How do we fight the culture war? We celebrate! We celebrate and remember the Life, the Death, the Resurrection, the Ascension, the Outpouring of the Holy Spirit, the Second Coming, and the Consummation. We worship. We pray. We preach. We commune. We enjoy God’s creation. We build a thick Christian culture around the Gospel. We work hard, and we celebrate hard… together. We fast, and we feast. We keep the joy (a word hardly ever used anymore) of the Gospel ever before us, especially in suffering and rejection. We follow our Lord, “who for the joy that was set before him endured the cross, despising the shame, and is seated at the right hand of the throne of God.” (Hebrews 12:2b). We have something precious that no thief can steal. We have Christ. We have the Holy Spirit. The Triune God is ours. We have eternity, the New Jerusalem, the New Heaven, and Earth, etc. All the promises of God are yes in Him. We order our lives by the Gospel. We celebrate as a people.

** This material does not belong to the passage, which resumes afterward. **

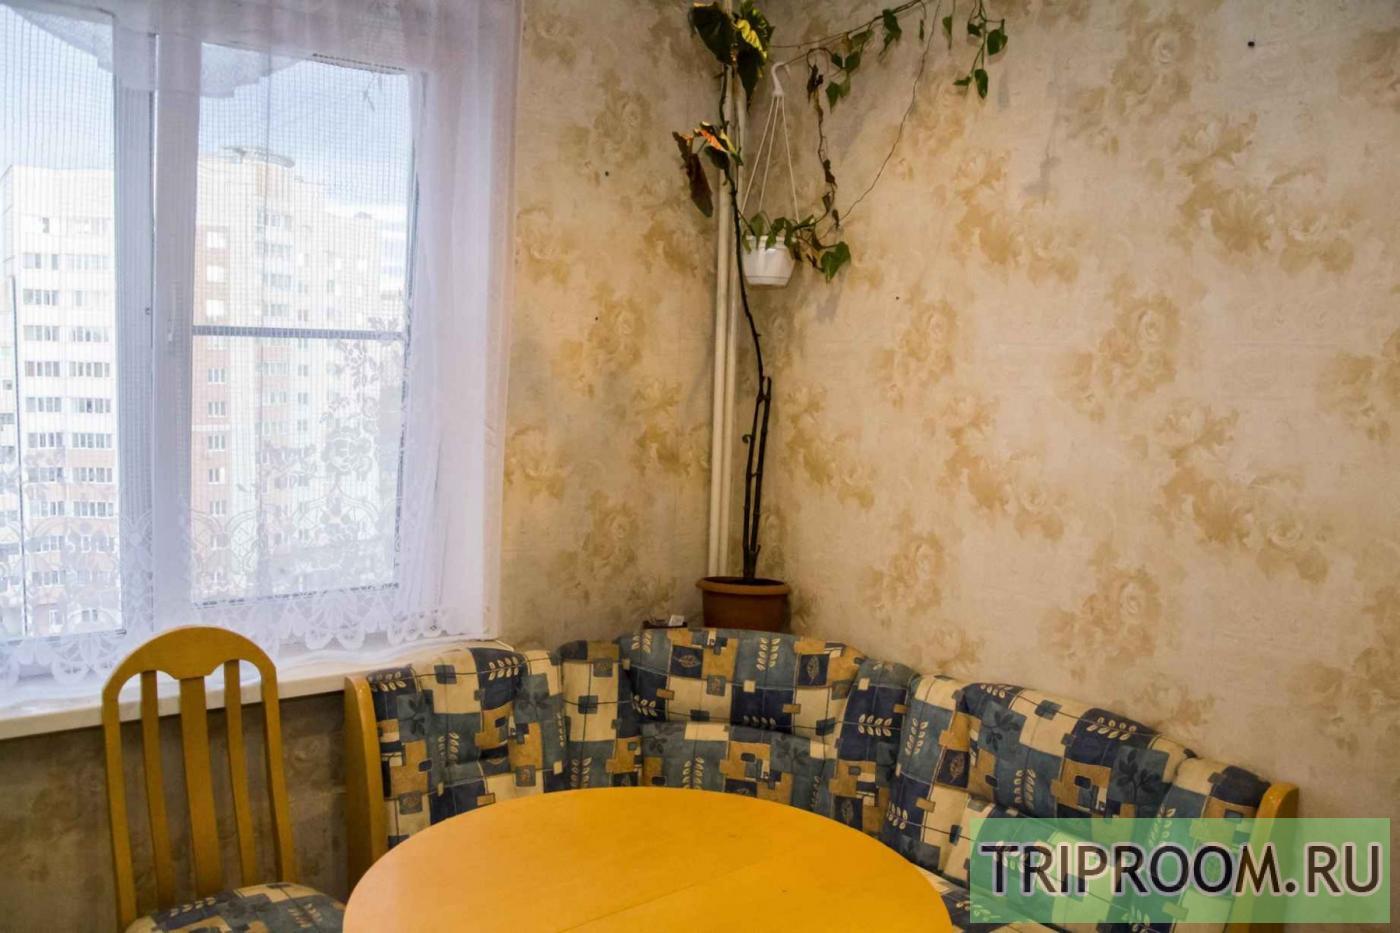 1-комнатная квартира посуточно (вариант № 21406), ул. Стаханова улица, фото № 5

My confusion about where we, as modern Christians, go from here dissipated. The fog lifted. All I needed to do was rejoin the great cloud of witnesses that emerged victorious over Rome, pagan Europe, and every nation they marched into up until recent history. So I did. I rejoined the celebratory march to victory, knowing that victory was assured because my weapons were the proper weapons for spiritual warfare. For the weapons of our warfare are not of the flesh but have divine power to destroy strongholds. (2 Corinthians 10:4) Our weapons are the means of grace, which are the means of worship. Who can worship the Lord our God and not be full of joy? Love, faith and joy are joined at the hip. “Though you have not seen him, you love him. Though you do not now see him, you believe in him and rejoice with joy that is inexpressible and filled with glory.” (1 Peter 1:8). Let us celebrate each of the Gospel seasons, each Lord’s Day, knowing that while our enemies wage total war, our King has already accomplished total victory. Soli Dei Gloria! Starting with His birth each year and continuing to His ascension to the Father’s right hand we reenact what is true. It is the enculturation of the Truth. The Gospel guides our year and turns time from a cold enemy seeking our life into a warm friend that reminds us of eternity. Emmanuel has come. He has trodden down His (and our) enemies and Ascended to the Father’s right hand to reign and rule. He has poured out the Holy Spirit upon us. From June to November we await His return, learn of his teachings, and deepen our knowledge of Him. Round and round we go learning and loving and growing until death is swallowed up in victory and mortals like us experience glorified immortality. Praise be to Him!